Believe it or not, I originally chose this film to try and find a respite from the news. It seems ludicrous now, this is the last film one should want to watch for that purpose, but I didn’t remember what the story was all about. The news these days feels overwhelming. It’s everywhere, and it’s mostly terrifying. In this world, watching these films has become a sort of sanctuary. They are a way to stop my mind from obsessively contemplating what’s happening all around me.

This is a faithful adaptation of the original Shakespeare. The film tells the story of Richard, Duke of Gloucester, at the very end of the Wars of the Roses. His brother Edward has just become King of England, and Richard himself a high minister. Life should be easy, but he’s unsettled in a peaceful world. He feels he is simply not made for peace time, but rather for strife and chaos. He has set his sights on the throne, and will remove any obstacles that are needed to achieve it. He’s a murderer, a sneak, a liar, and a hypocrite.
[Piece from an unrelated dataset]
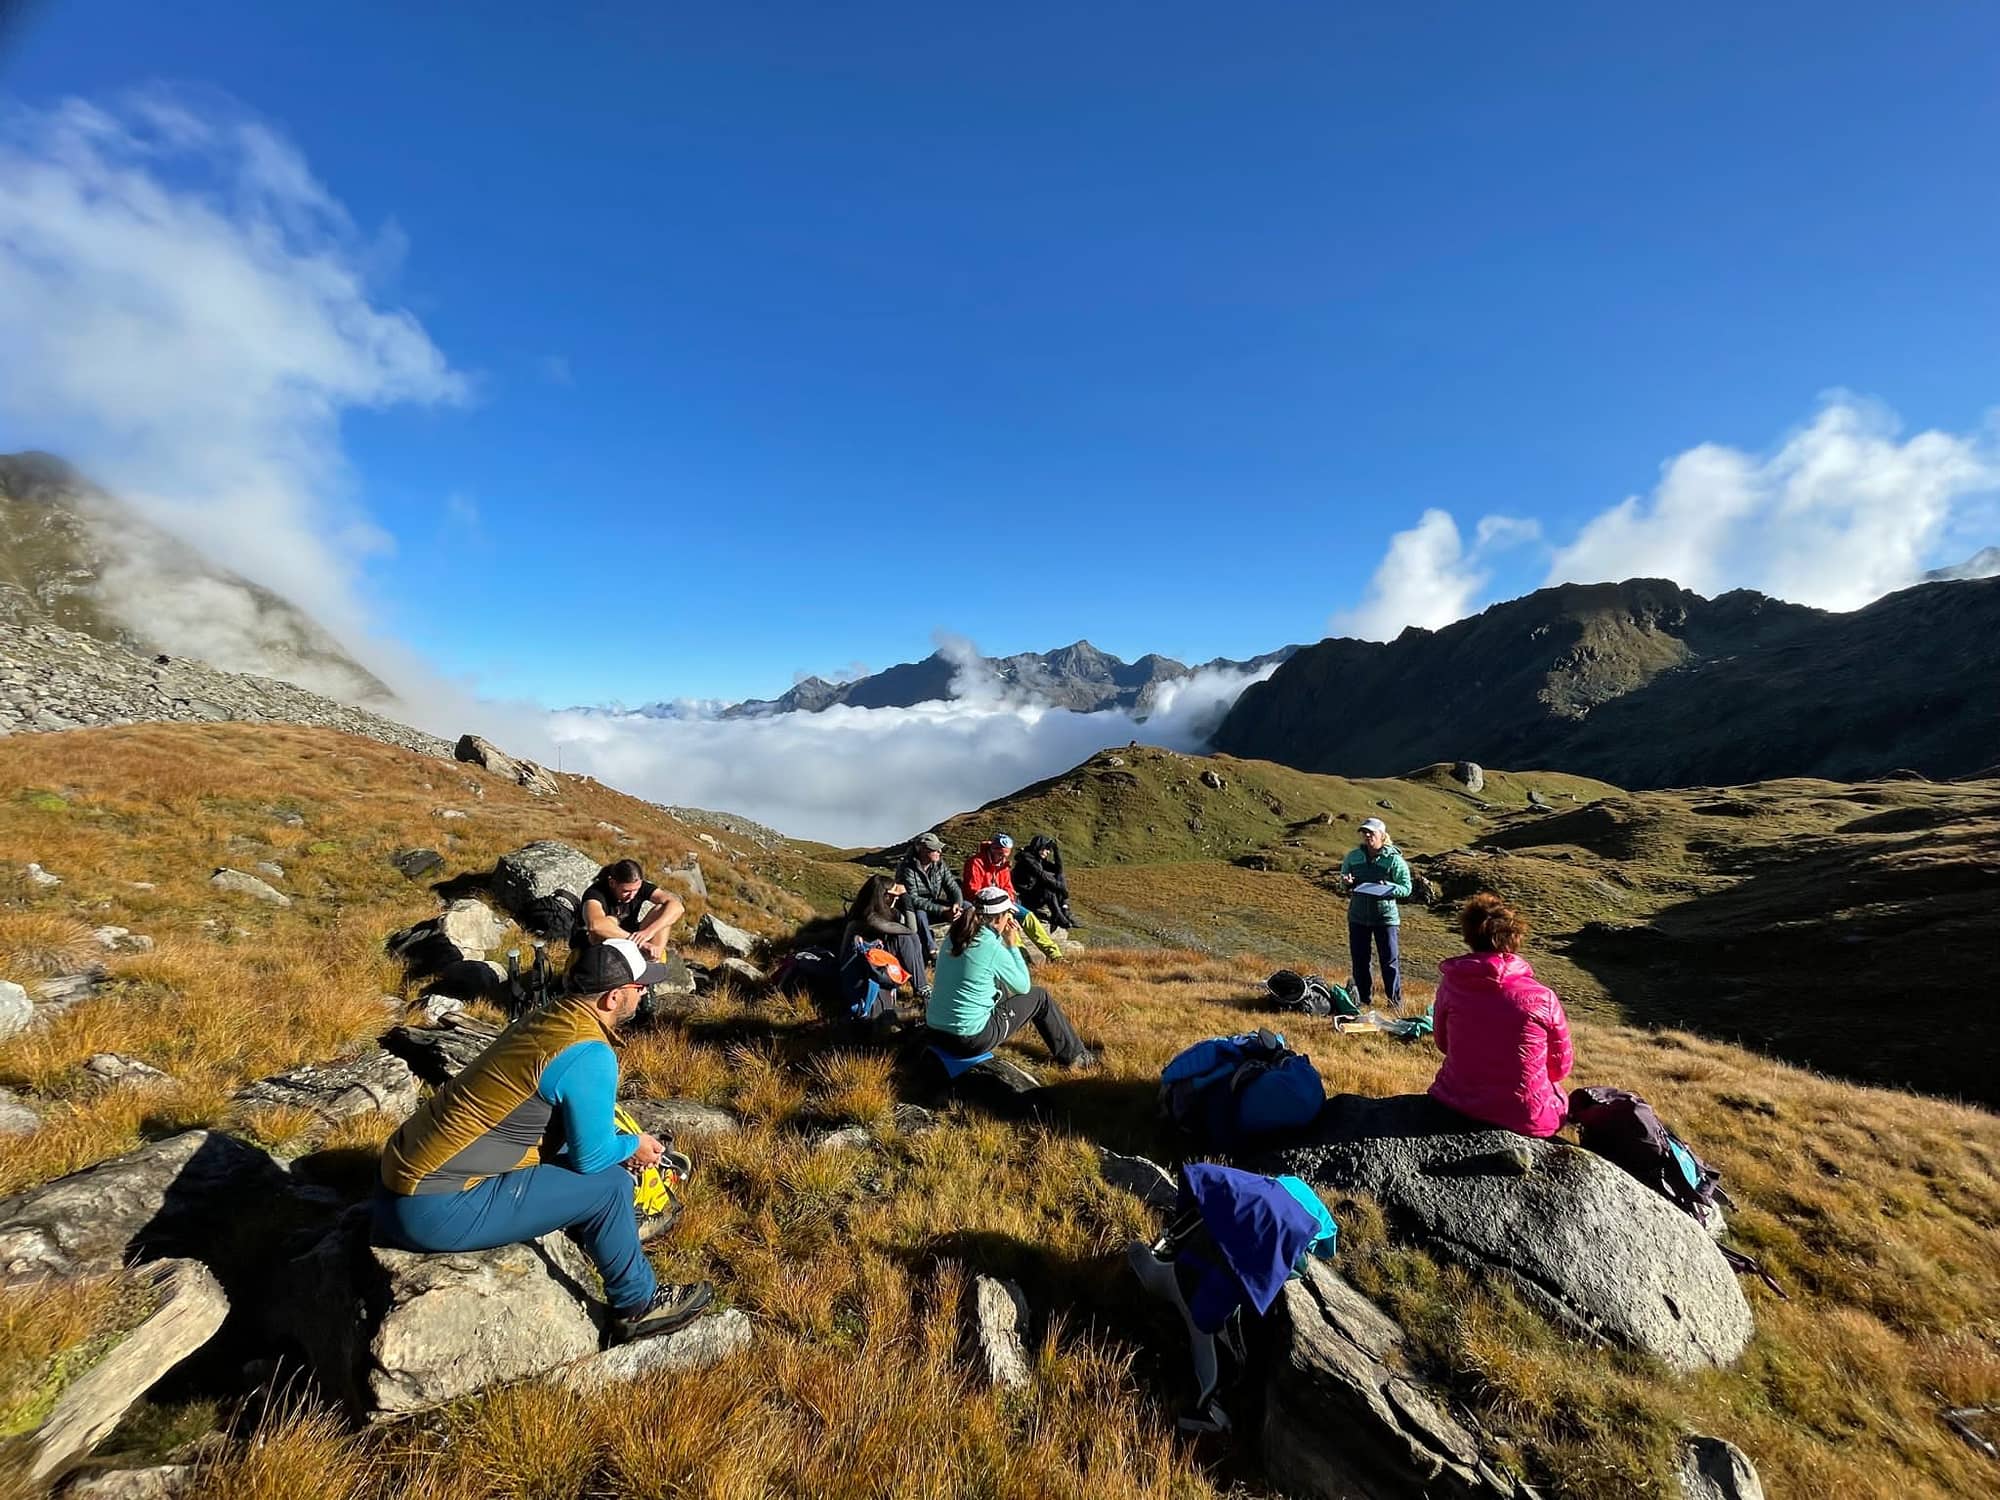 Groupe de personnes assises sur des rochers pendant une randonnée en montagne

As I said, this was on paper really not a great choice for distraction. The parallels between Richard’s rise to power and our own current reality are not hard to find. It’s never been hard to find ways to connect him to fascism in general. From his pandering to the public, his using the clergy to convince the gullible, his dissembling, his honeyed lies, he’s the archetype of an evil ruler. It’s fascinating that he’s portrayed this way mainly because Shakespeare was writing in the time of the Tudors. They ultimately defeated Richard, and ended the York dynasty. He’s a caricature of evil because that’s what they needed him to be, in order to justify their own rule.

It shouldn’t have worked as a distraction, but it did. Mostly because I fell completely into the language itself. If you were to ask most people on the street whether Shakespeare was modern English, middle English, or old English, most would likely not pick modern. But he was modern English. It’s startling how far we’ve come in our language, to the point that it’s really quite difficult to follow along with what these actors are saying. I had to use subtitles, and really concentrate, to mostly understand. The effort was exactly the distraction I needed.